#### [Dataset content]
◆ ◆ ◆

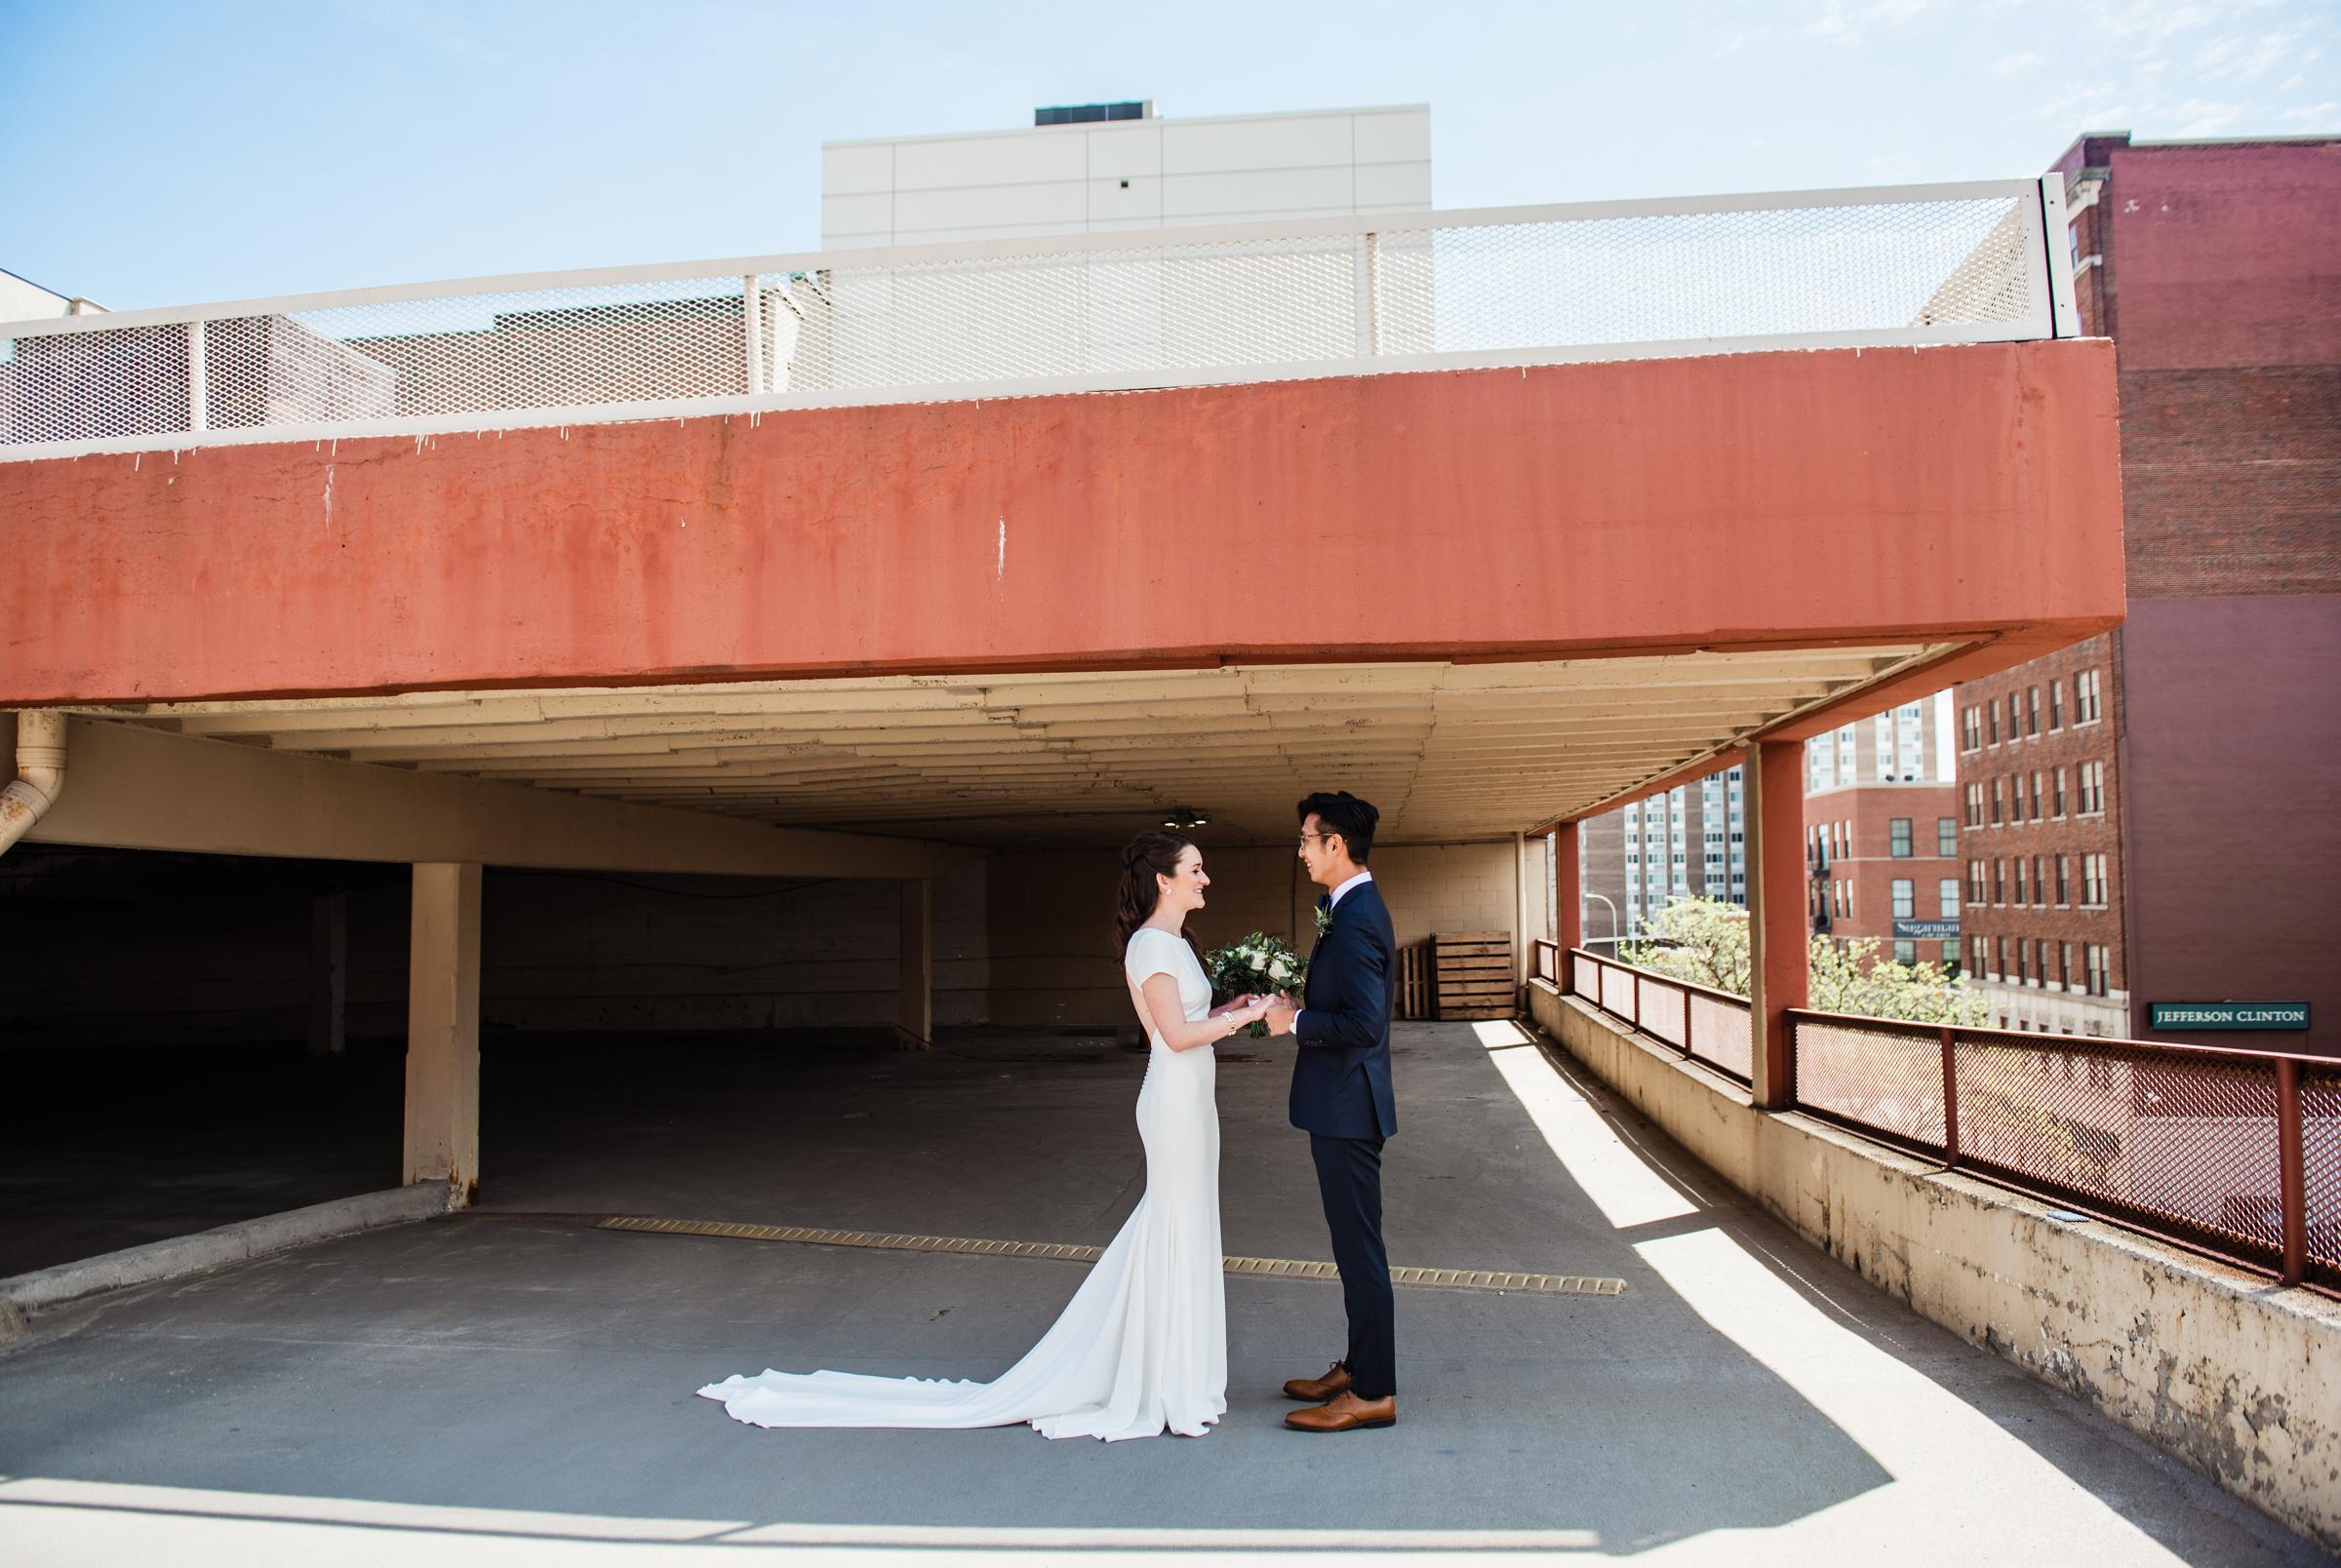 SKY_Armory_Syracuse_Wedding_JILL_STUDIO_Rochester_NY_Photographer_DSC_5211.jpg
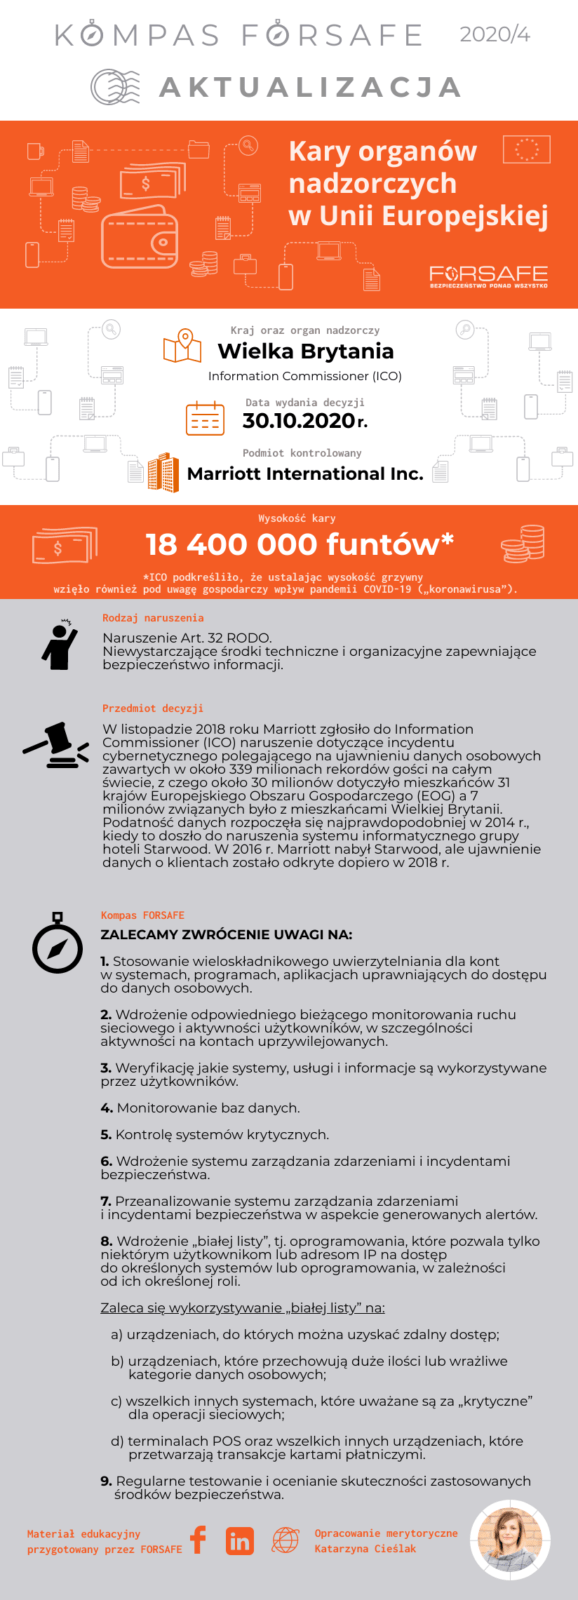 kompas forsafe eu 2020 4 aktualizacja KOMPAS FORSAFE EU 2020/4 - Kara dla Marriott - aktualizacja
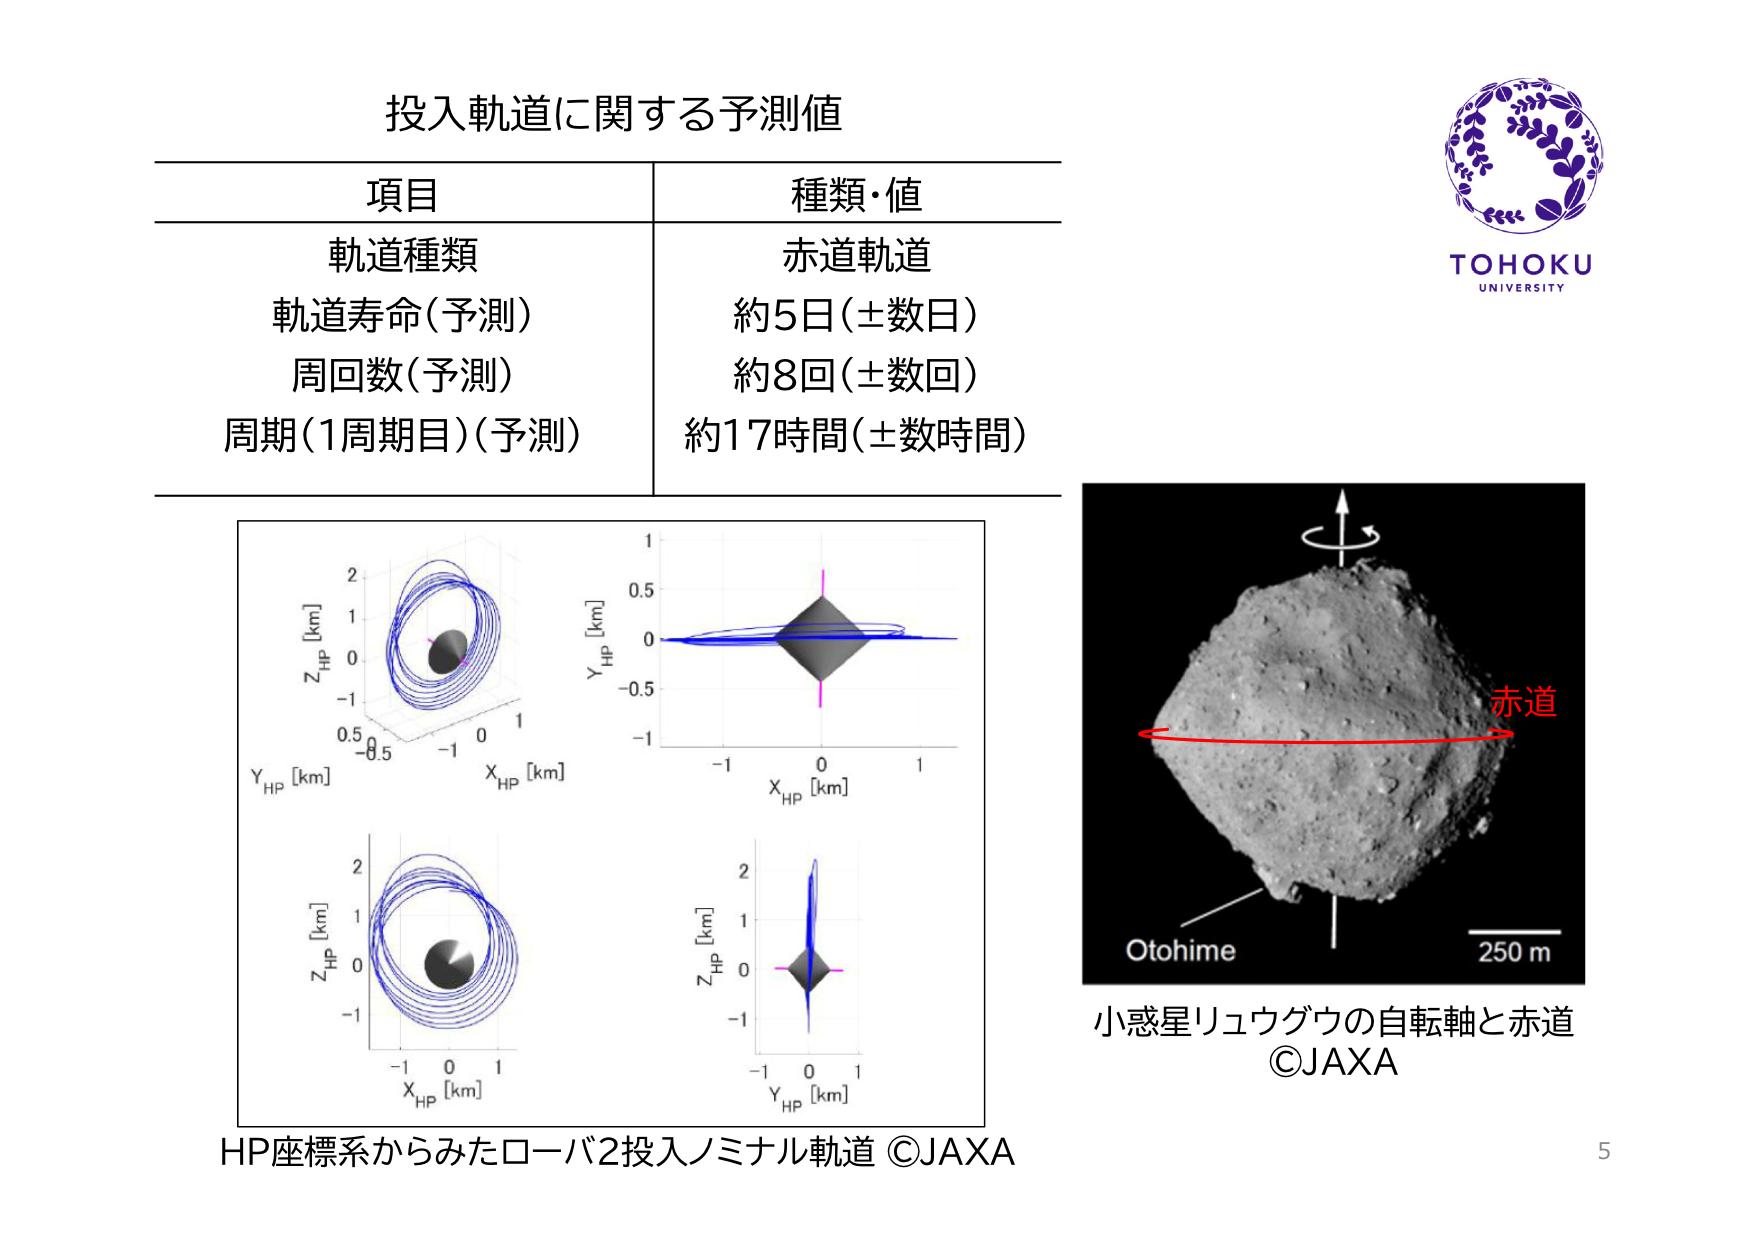 f:id:Imamura:20190924122704p:plain
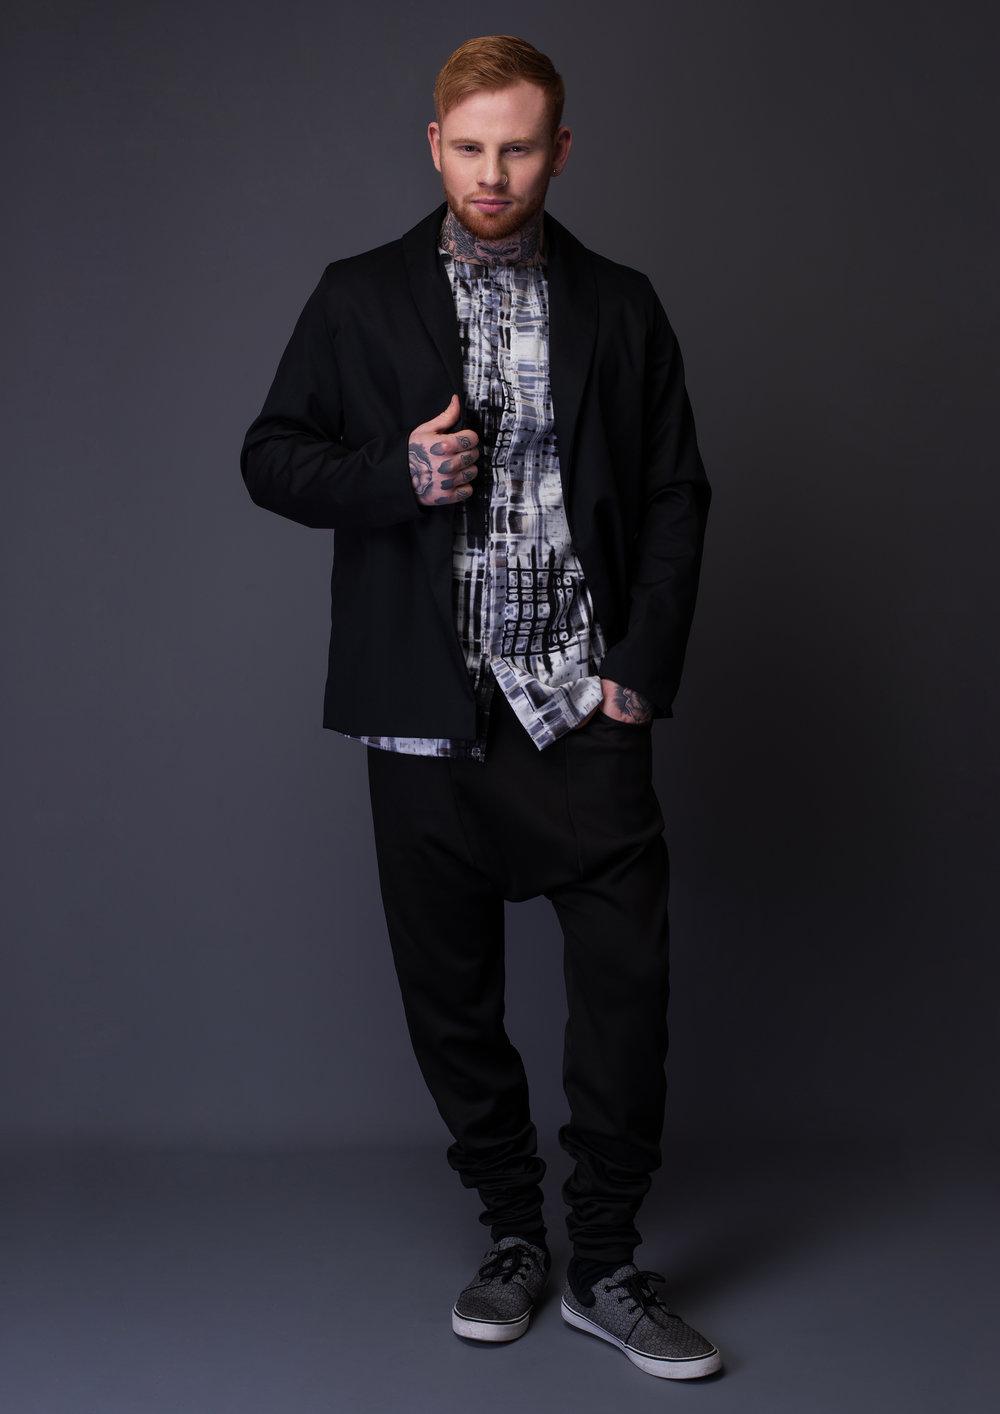 zaramia-ava-zaramiaava-leeds-fashion-designer-leedsfashiondesigner-stylist-leeds-stylist-leedsstylist-ethical-sustainable-minimalist-versatile-drape-eito-hareem-trouser-pants-black-ren-akiro-11

◆ ◆ ◆

#### [Task instructions]
Ignore the images and quote every line of the listing exactly.

#### [Written reply]
 SKY_Armory_Syracuse_Wedding_JILL_STUDIO_Rochester_NY_Photographer_DSC_5211.jpg
 kompas forsafe eu 2020 4 aktualizacja KOMPAS FORSAFE EU 2020/4 - Kara dla Marriott - aktualizacja
 f:id:Imamura:20190924122704p:plain
 zaramia-ava-zaramiaava-leeds-fashion-designer-leedsfashiondesigner-stylist-leeds-stylist-leedsstylist-ethical-sustainable-minimalist-versatile-drape-eito-hareem-trouser-pants-black-ren-akiro-11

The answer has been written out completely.